Collecting data from informally organized workers is a difficult challenge. The dataset we use here isn’t perfect, but it’s the most representative sample we have of earnings from Shipt shoppers to date. The tech we use to parse shop amounts from screenshots sometimes parses out an incorrect number, and we had to decide what date range to use in our final analysis. Some of these decisions and their reasoning are presented below.

Basic filtering: screenshots are hard to parse

We do apply some basic filtering to get our final dataset. Our screenshot reader isn’t perfect, and gets plenty of submissions wrong. For the most part, this means it sometimes drops significant digits and turns e.g. a $16 shop into a $6 one. To try to account for this, we remove all shops that were parsed as having an order payout of under $8, which removes only 7.6% of shops. We came to this cutoff by manually inspecting submitted reciepts (order totals are very rarely less than $8), and by examining the data, which shows a suspiciously high number of orders with just under $8 order pay.

We also exclude shops with a payout over $55 before tips, for a similar reason, and any shops with an order total (the amount a customer purchased through Shipt) over $500.

Submission time range and minimum shops per shopper

We’ve been collecting screenshot submissions throughout the summer, but have allowed shoppers to submit shops from any time. This means we have records from even before January of 2020! In our analysis, we’re including shops from shoppers who have submitted at least 10 shops in total (v1 or v2). The plot below shows the order pay of each individual shop we’ve recieved from shoppers. The vertical gray line represents the date that Shipt rolled out their new V2 algorithm, on Sept. 15th. Some shoppers in some areas were paid using the new V2 algorithm far before the 15th – the earliest V2 shop we recorded is from February.

Time Period: ensuring a consistent and representative dataset

To calculate how the V2 algorithm has affected worker pay, we also need to define a period of data to use. We’d ideally find a period of time with no major changes in payments, and enough submissions to make sure that our data is relatively representative. Aggregating by week, we can see a sharp increase in the number of submissions starting around week 28 – mid-July – when we first started launching the tool. We also see the transition to the new payment model on Sept. 15th (the vertical gray line). To make sure that we can use V2 data throughout the summer, and not just after the 15th, we make sure that the V2 algorithm in the summer is indistinguishable from the V2 algorithm that ran after the 15th. A quick look at the mean order pay over time shows that while the order pay for V1 has remained relatively stable, V2 pay has varied quite a bit. It’s difficult to know if this is due to Shipt changing their algorithm over time, or just the result of lower submission rates, but looking at Figure c below, it’s clear that the V2 pay before week 30 is higher, and more variable, than after week 30, so we decide to only use shops that happened after week 30 in our analysis.

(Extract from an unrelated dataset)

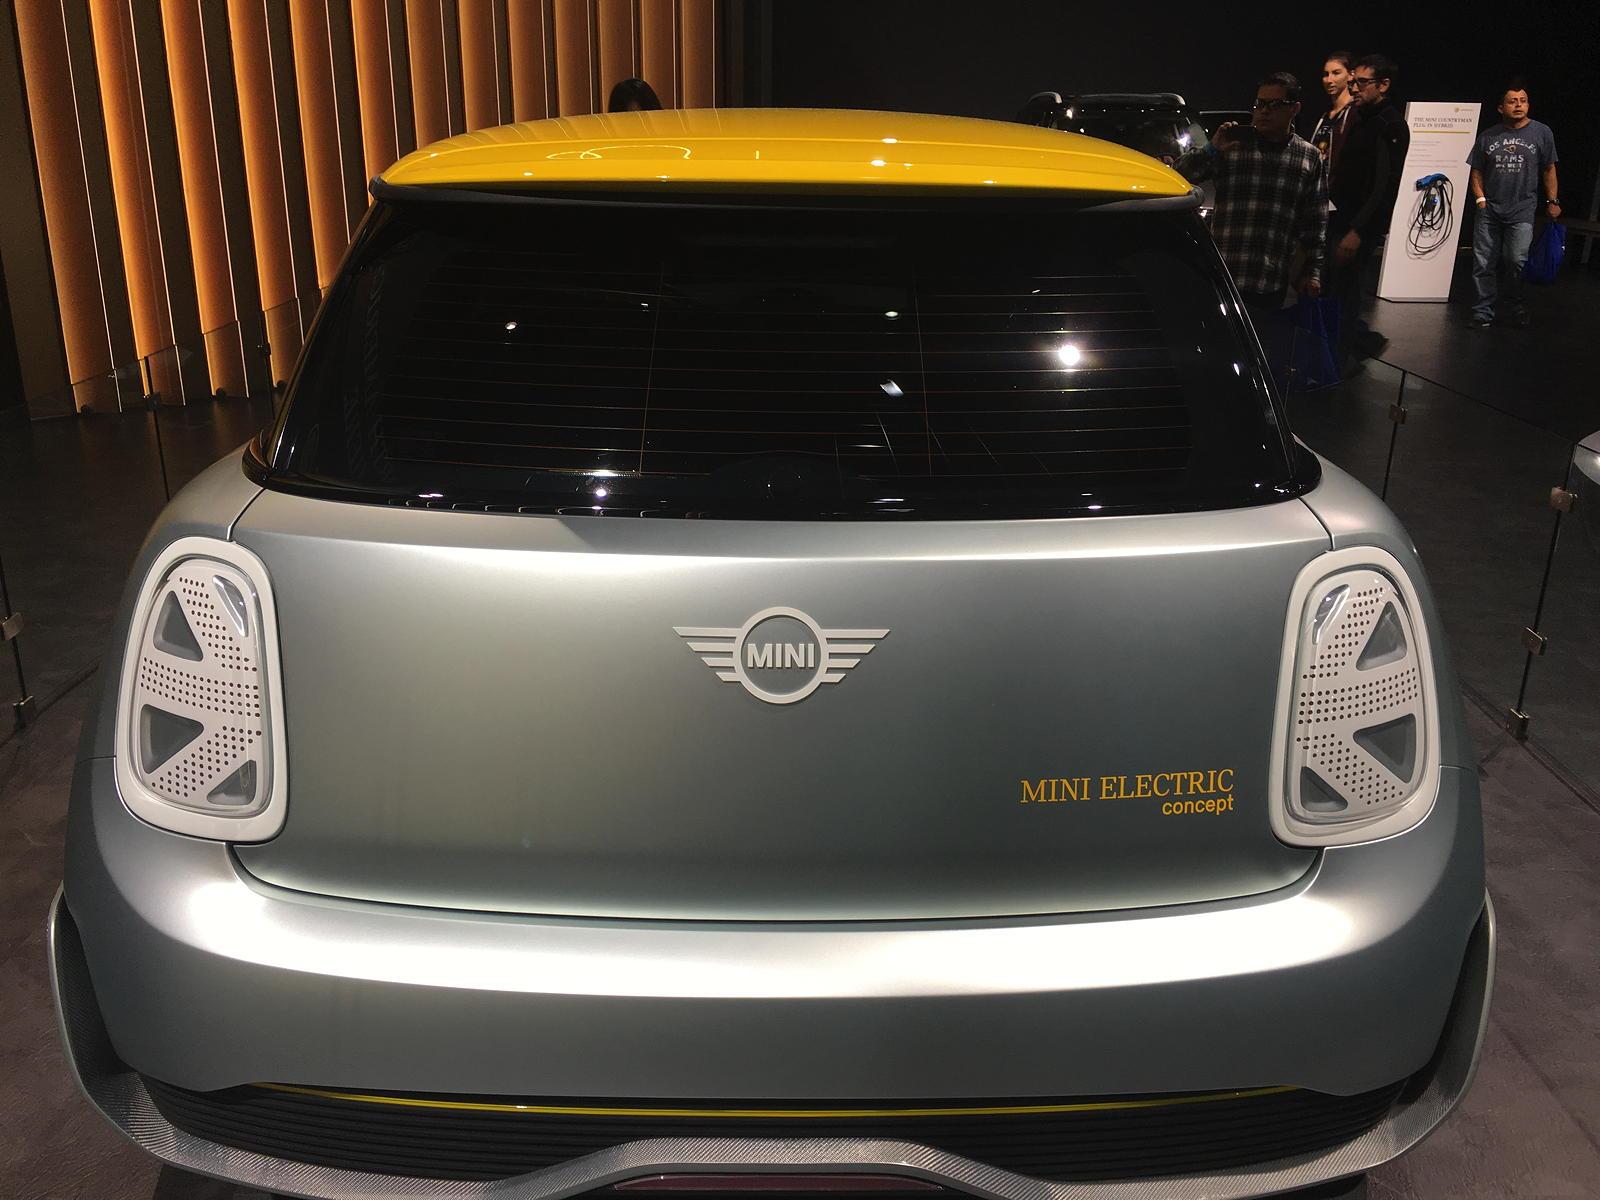 mini electric concept car at la auto show georgeco specr53 blog. Black Bedroom Furniture Sets. Home Design Ideas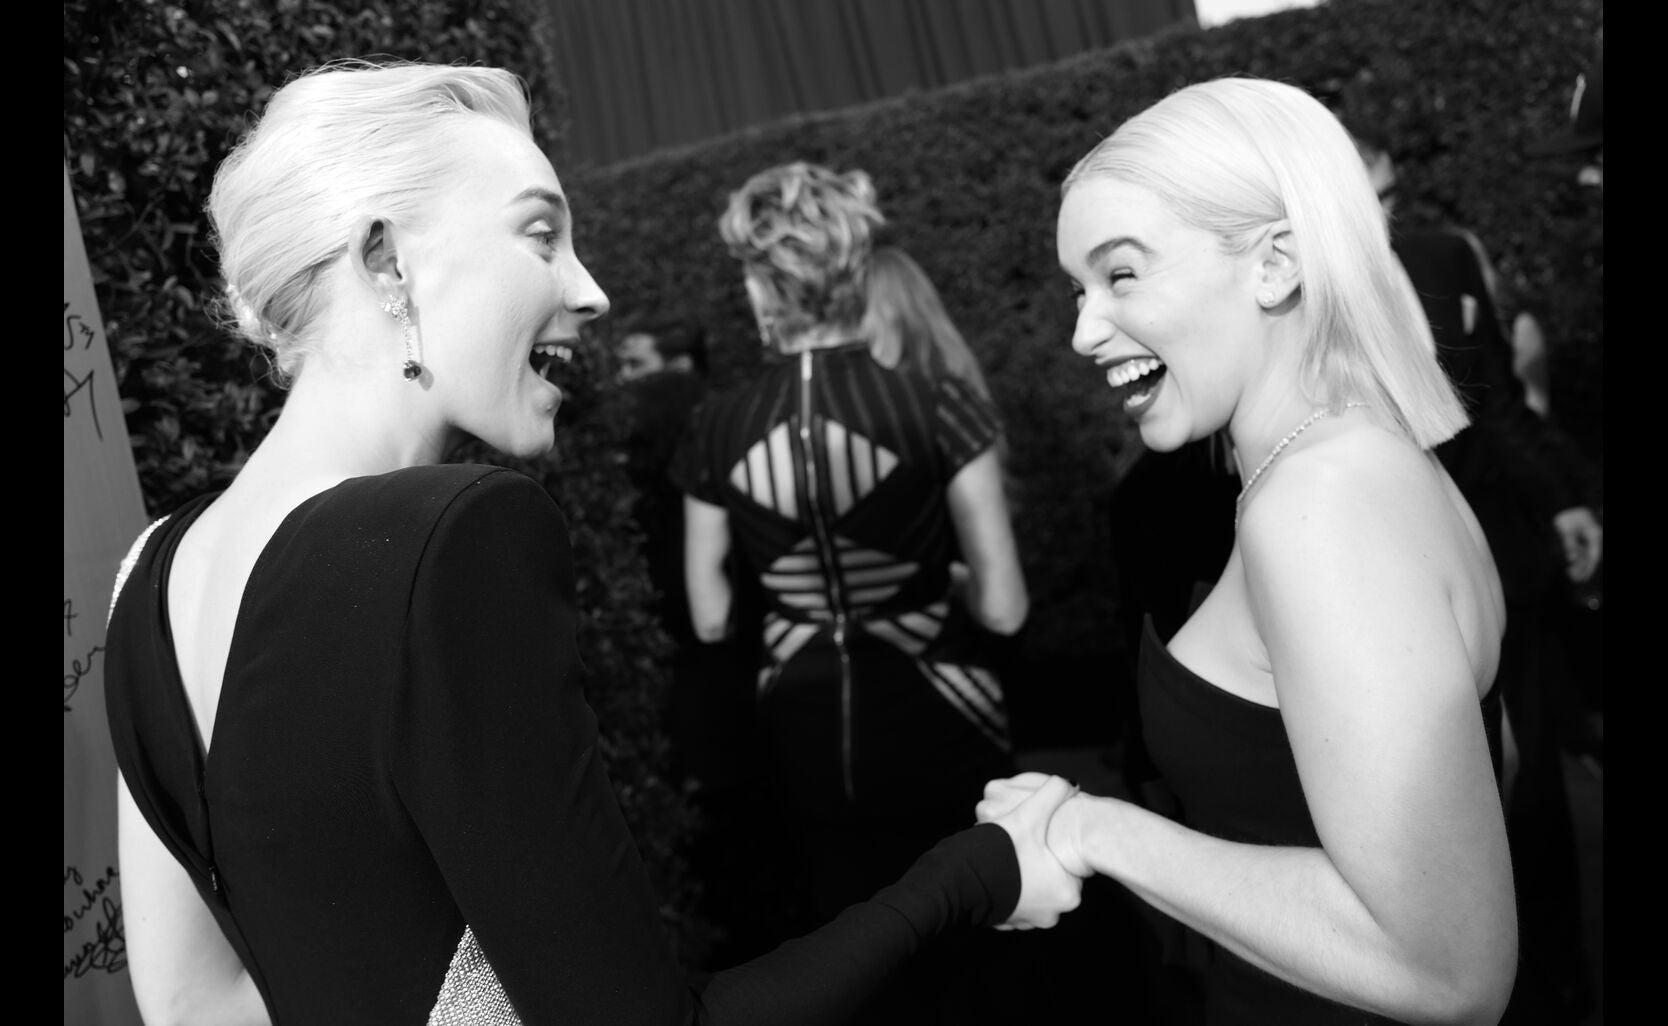 Saoirse Ronan and Emilia Clarke

Orders are slightly larger after the V2 rollout

We calculate what Shipt shoppers would have been paid if Shipt had continued using the V1 payment scheme after the 15th, so we effectively control for any differences in pay over time. But, an objection someone could make to our analysis is that it’s possible that the V2 algorithm also changed the kind of shops shoppers recieved. If this was the case, then there could be a systematic change in pay from before the 15th to after the 15th that lowered (or raised) shopper pay under V1, but not V2. Testing if this is the case, we find that there is likely a difference between the pre-rollout and post-rollout orders (\(p = 0.015\)). Orders after the rollout have a slightly higher order total in general. The effect isn’t large, but it favors post-rollout shops. This shouldn’t affect our analysis, since the V2 and the V1 numbers we’re calculating use these same shops. Interestingly, V2 shops pay takes a dive after the rollouts, which isn’t explained by the order totals. V2 shops payouts drop from an average of $14.50 to $13.50, a 7% decrease. Using only shops from October, which we have fewer of (so an estimate is less reliable) V2 pay has dropped down to $12.25 – a 15% decrease.